Massachusetts prevalence of opioid use disorder estimation revisited: Comparing a bayesian approach to standard capture-recapture methods

Abstract

Accurate estimates of opioid use disorder (OUD) are important for resource allocation and system planning. Indirect estimation methods may provide more accurate estimates than surveys. Using 2015 data from the Massachusetts Public Health Data Warehouse (PHD), we performed a comparative analysis of two indirect estimation methods to estimate OUD prevalence among the Massachusetts Medicaid population. We first used a seven data set capture/re-capture (CRC), stratified by age, sex, and county to account for the individual heterogeneity. We used log-linear models to estimate the unknown OUD population and estimated confidence intervals (CI) using distributional bootstrapping. We applied a Bayesian prevalence estimation model by linking Medicaid claims data to opioid-related death data with the assistance of OUD treatment data. In doing so, we were able to calculate opioid-related death rates for the known OUD population while off-treatment.
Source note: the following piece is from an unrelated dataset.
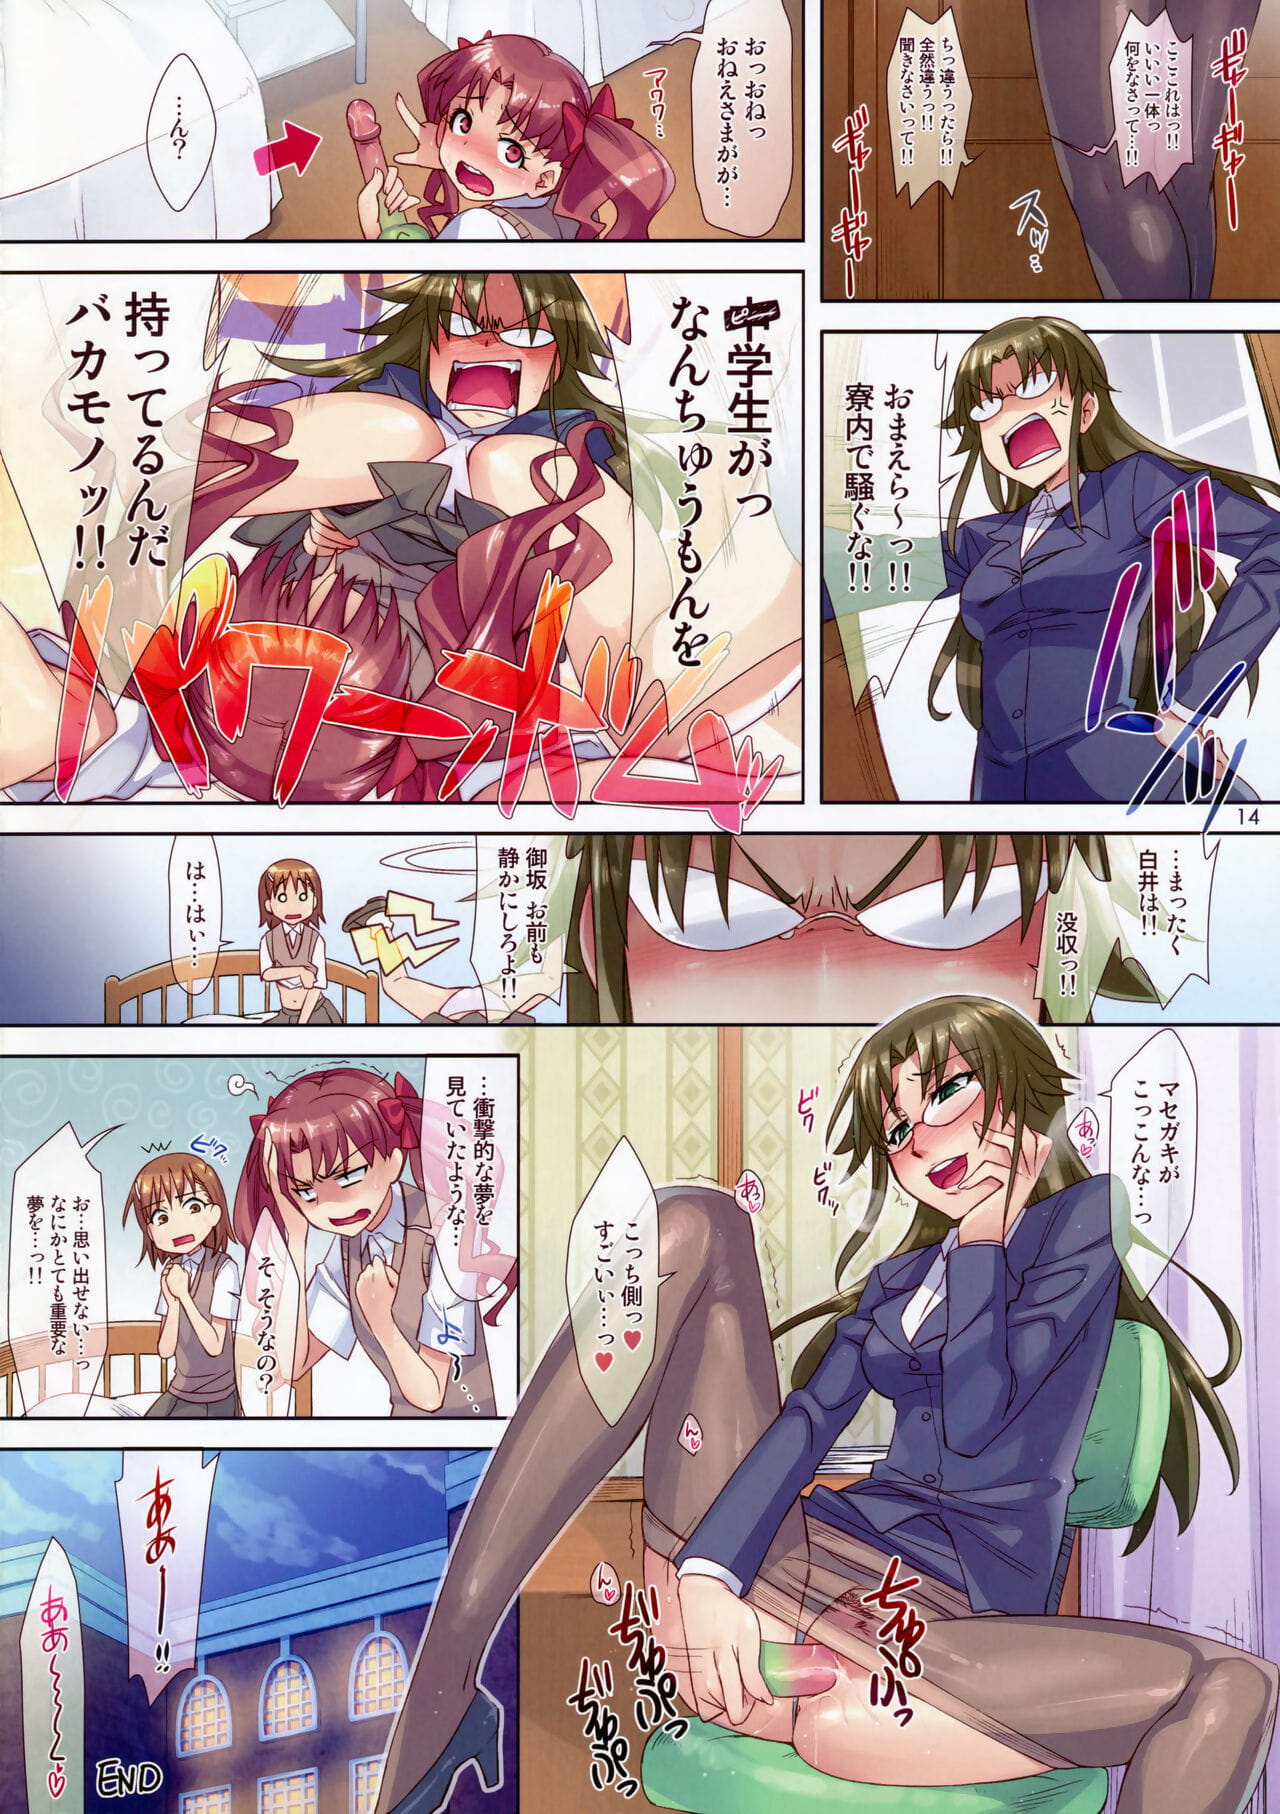 comic1☆4 redrop миямото дым оцумами на рельсотрон Свет команда нет рельсотрон decensored

We assumed that unknown persons with OUD had overdose death rates equal to the known population while off-treatment, following a Poisson distribution. We added random effects to counties and generated 95% credible intervals (CrI) from posteriors. The prevalence of OUD was 9.43% (95% CrI: 7.49%, 12.00%) in the Bayesian model and 8.60% (95% CI: 8.57%, 8.65%) in the CRC. Estimates in small counties were more different than large counties. Estimates were more similar among middle-aged groups than older or younger age groups. From this analysis, we found that the CRC, with more data available, provided a similar state-level estimates to the Bayesian method; but the group-specific estimates of unobserved OUD differed.